Your output should be the lines below from the one with "2-in-1 Multifunctional Toddler" through the one with "A four part", copied exactly, pictures excluded.

▶ _Listed records_
---

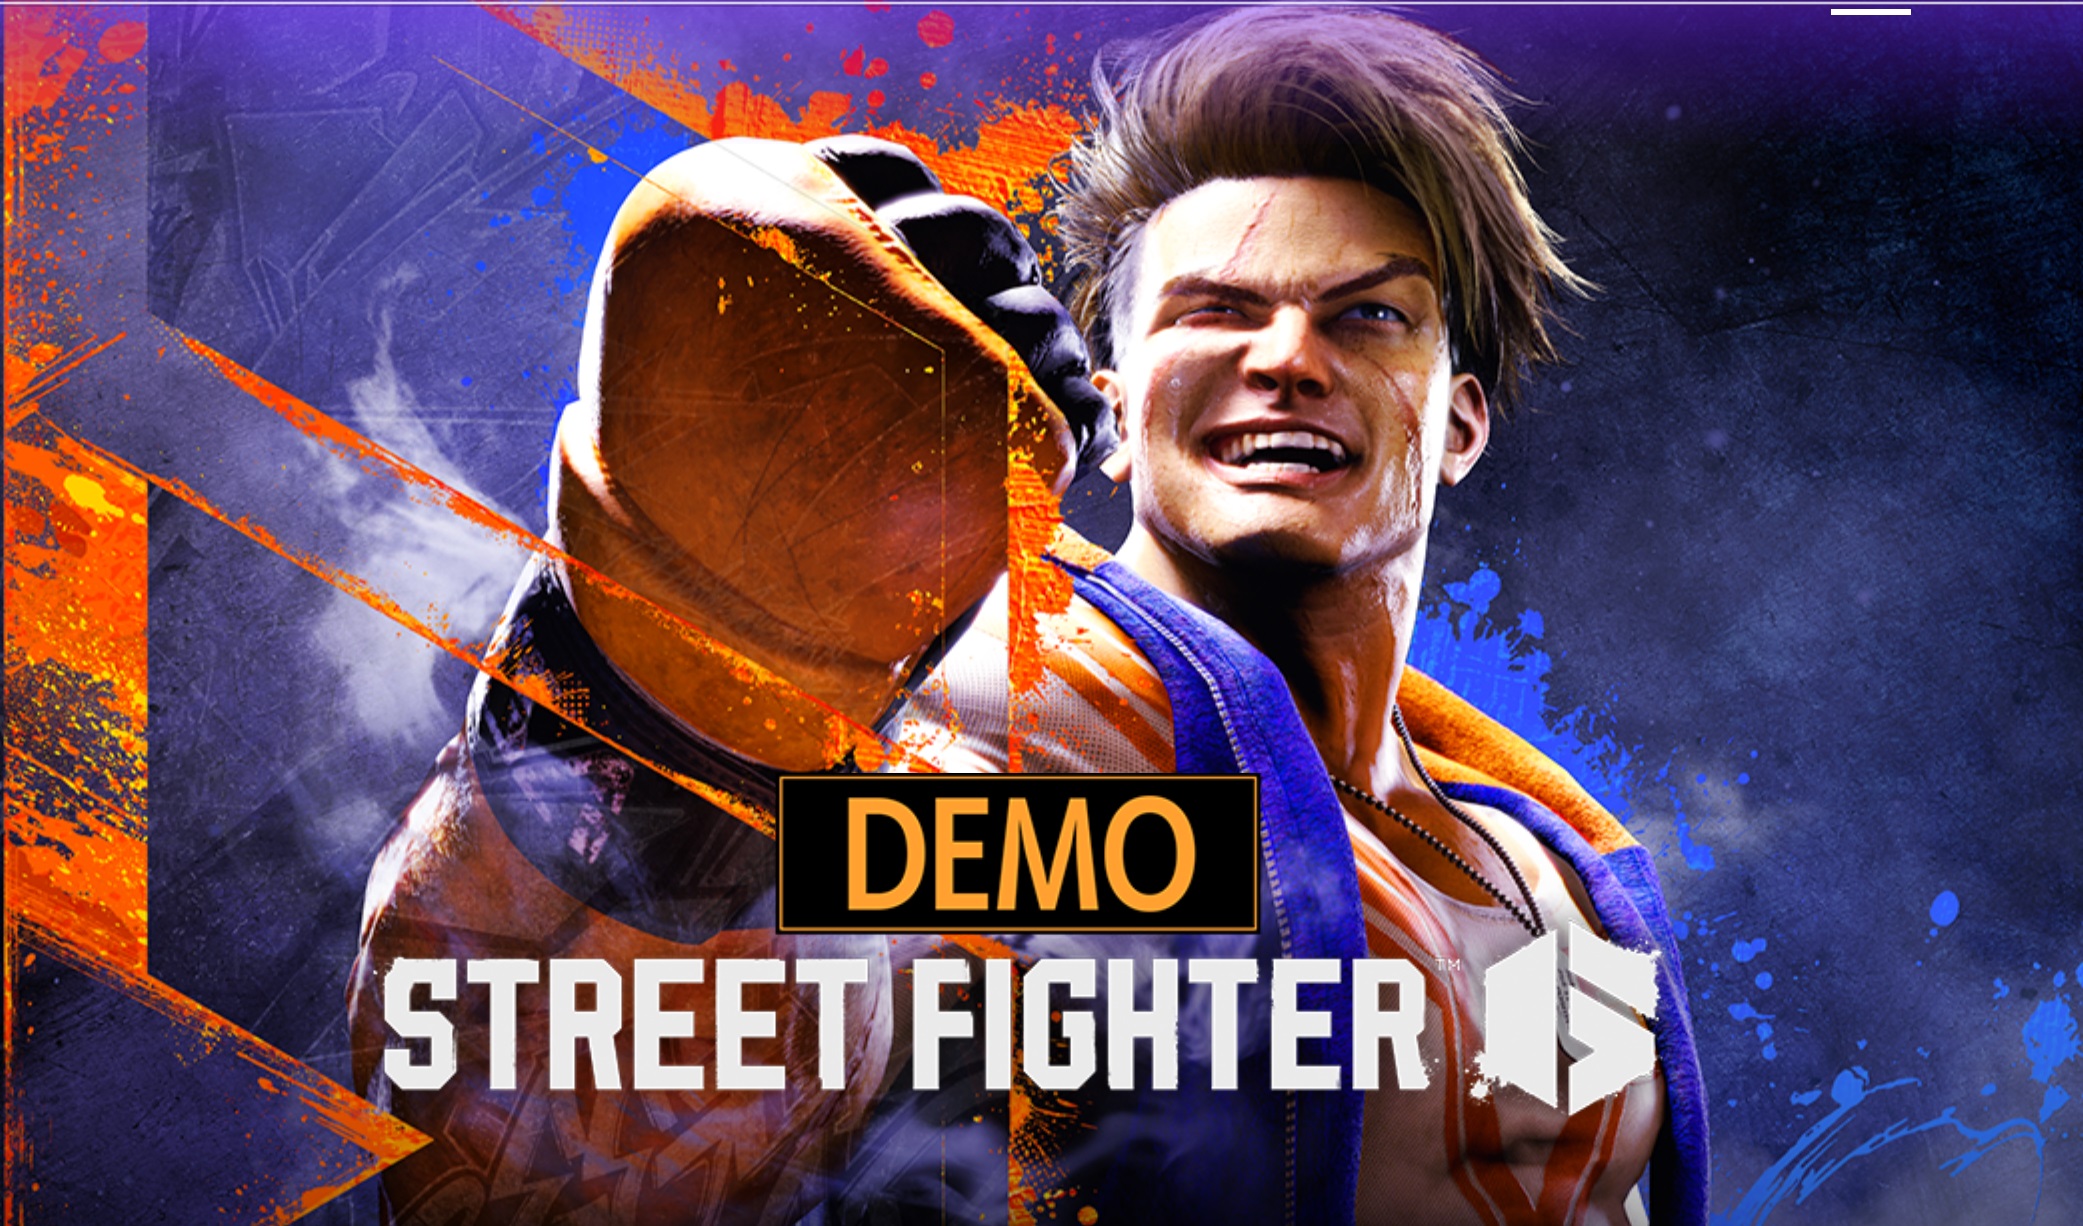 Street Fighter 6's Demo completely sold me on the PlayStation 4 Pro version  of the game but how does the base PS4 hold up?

---

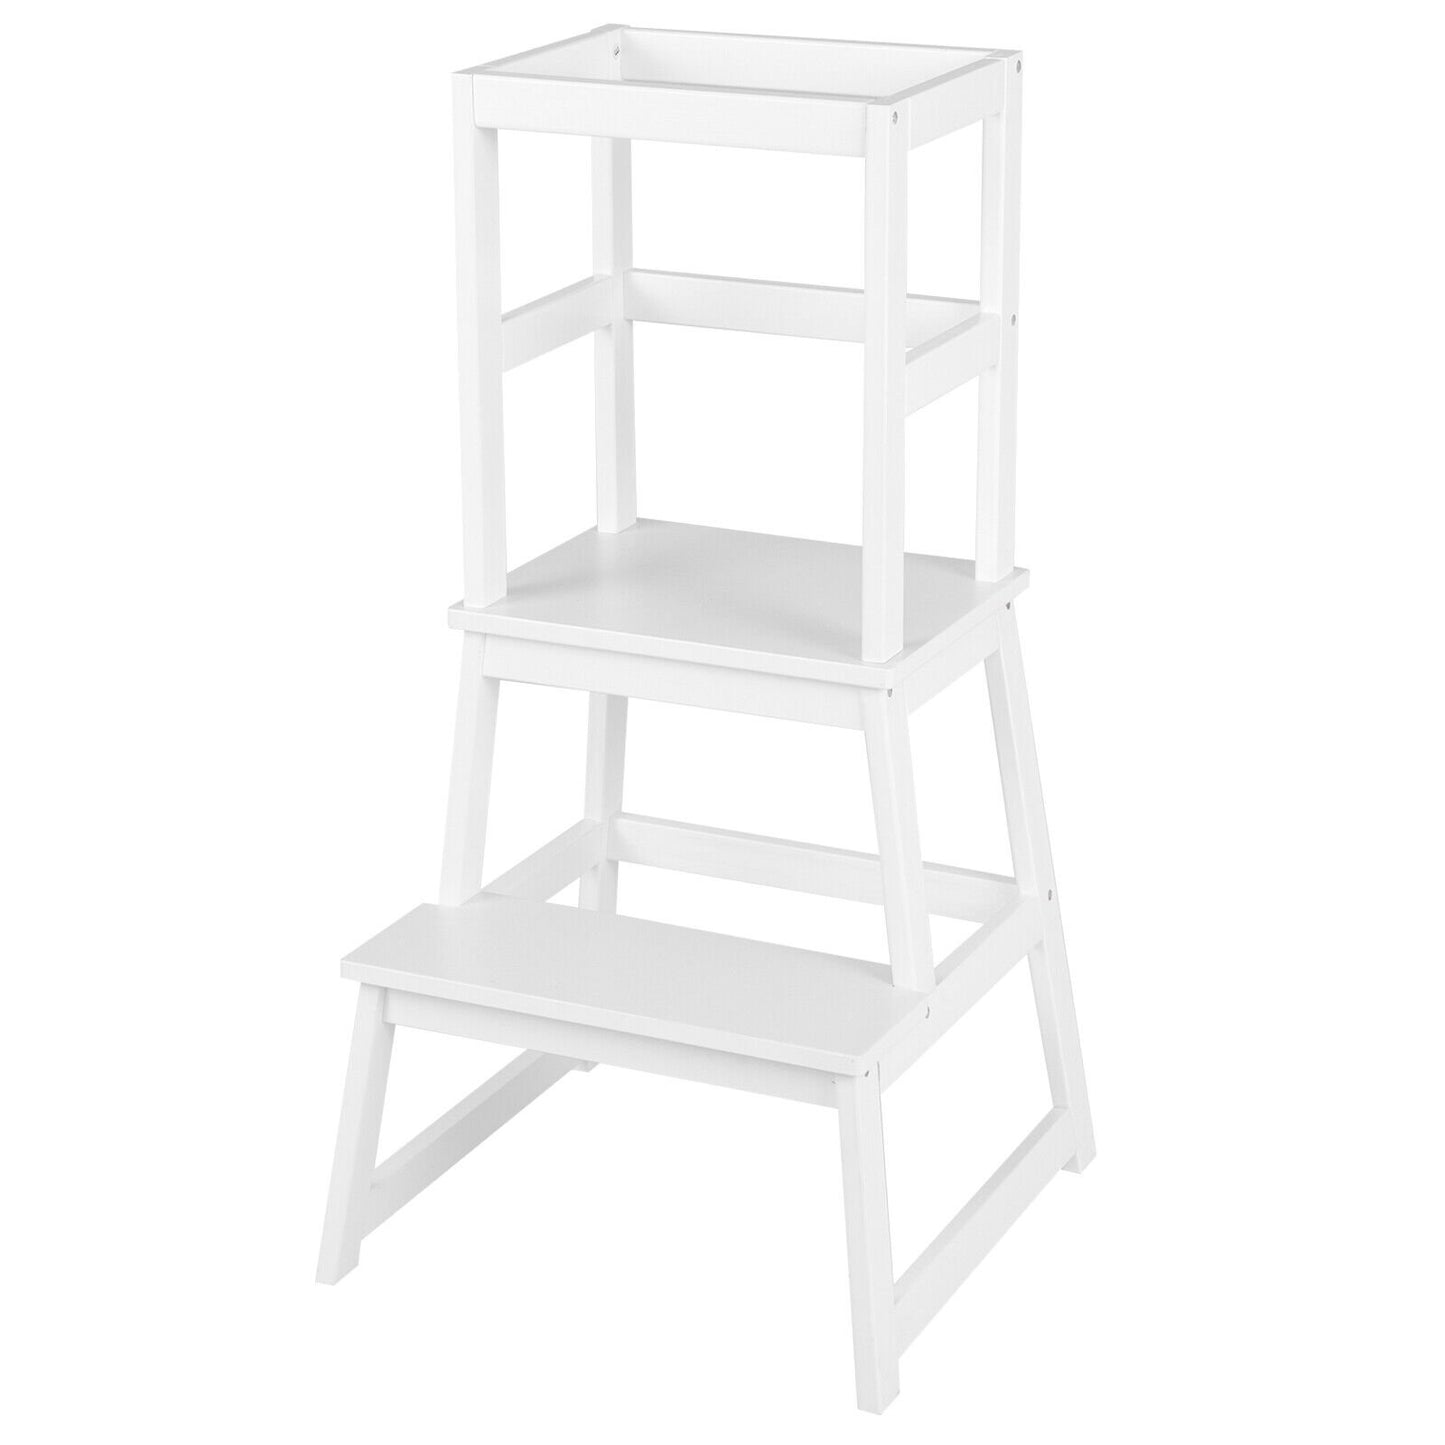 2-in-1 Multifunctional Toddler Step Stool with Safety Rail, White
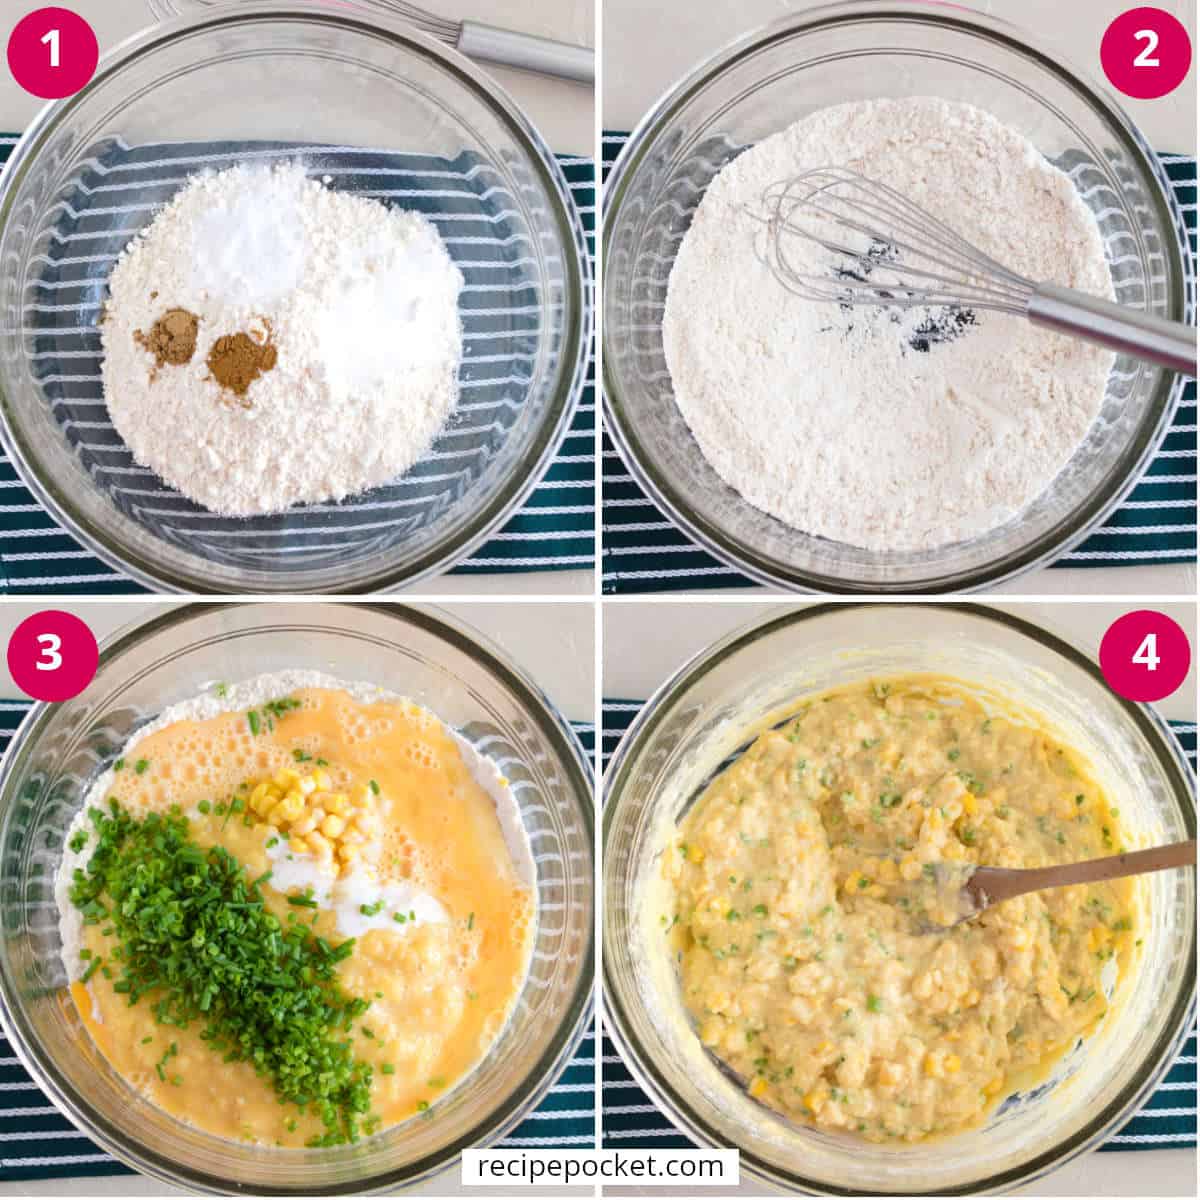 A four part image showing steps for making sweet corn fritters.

---

▶ _Reply_
 2-in-1 Multifunctional Toddler Step Stool with Safety Rail, White
 A four part image showing steps for making sweet corn fritters.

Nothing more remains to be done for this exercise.